Li Shenron
Legend
My solution is that +N weapons/Armor exist, but aren't magical -- they're just mundane items crafted with exceptional skill or using rare/special materials. Magic provides special effects. So you can have a +N weapon without special effects (masterwork but mundane), or a magical weapon with special effects but no +N, or a +N magical item with special effects.
This would have been great in 3e, to have masterwork bonuses replace magic bonuses. In 5e however they have to deal with bounded accuracy so the range of bonuses will need to be smaller, but I like your idea.
There always needs to be a baseline. 3e assumed the baseline was X magic knowing that people could still choose to have have <X magic (and make the game harder) or >X magic (and make the game easier).
Yes. Yes it does mean that a campaign where everyone uses magic weapons everyone is doing more damage and doing better. Because it is above the baseline. Just like awarding more magic than was assumed by 3e.
Yes, but the baseline doesn't have to be "everybody with a magic weapon has +1 to hit".
The baseline could be "everybody with a magic weapon has 1 additional special ability".
This way, there is less impact to bounded accuracy.
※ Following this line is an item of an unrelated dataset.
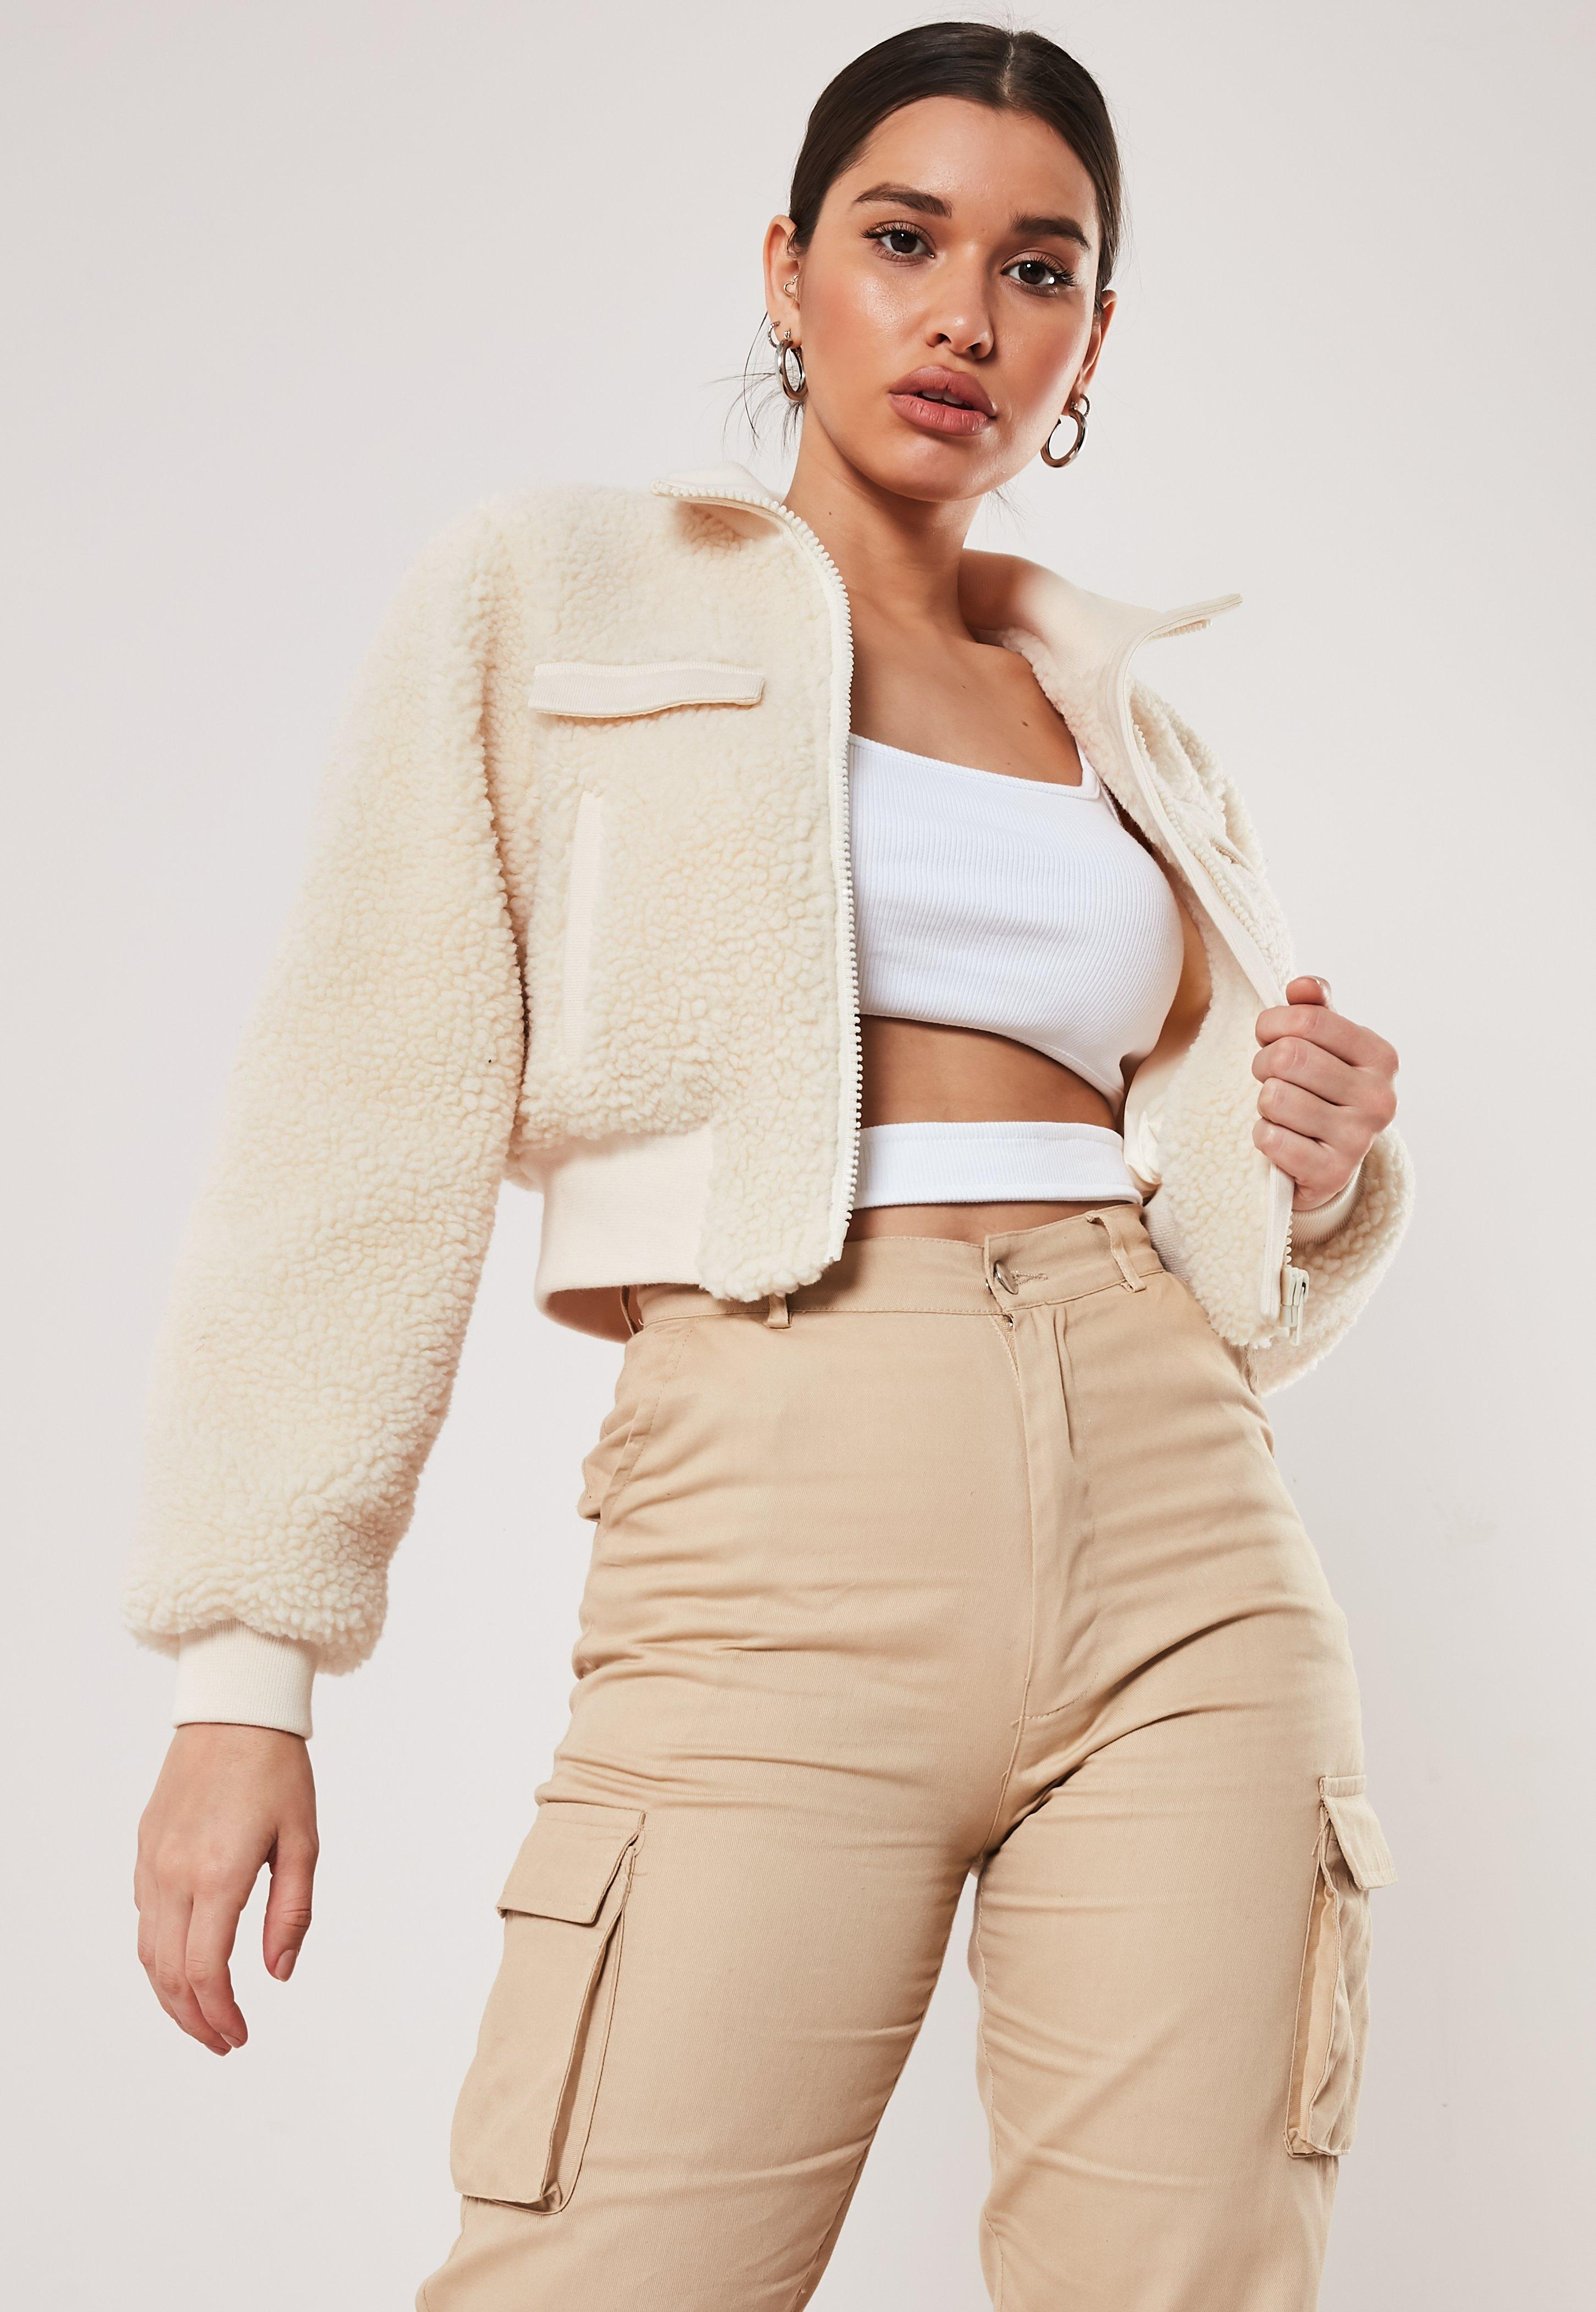 9daeaf7b33882 Coats & Jackets for Women - Missguided Australia

The baseline is not a "vertical bias" but a "horizontal bias". It means there is much less to worry about re-balancing monsters between groups using magic weapons and groups not using them.
As I said, notice that the same used to be the baseline for armors "everybody with a magic armor has +1 AC", but in 5e this is gone, it's not the baseline anymore (only a few armor give that), despite what it used to be in previous editions... so why couldn't it also be the case for magic weapons?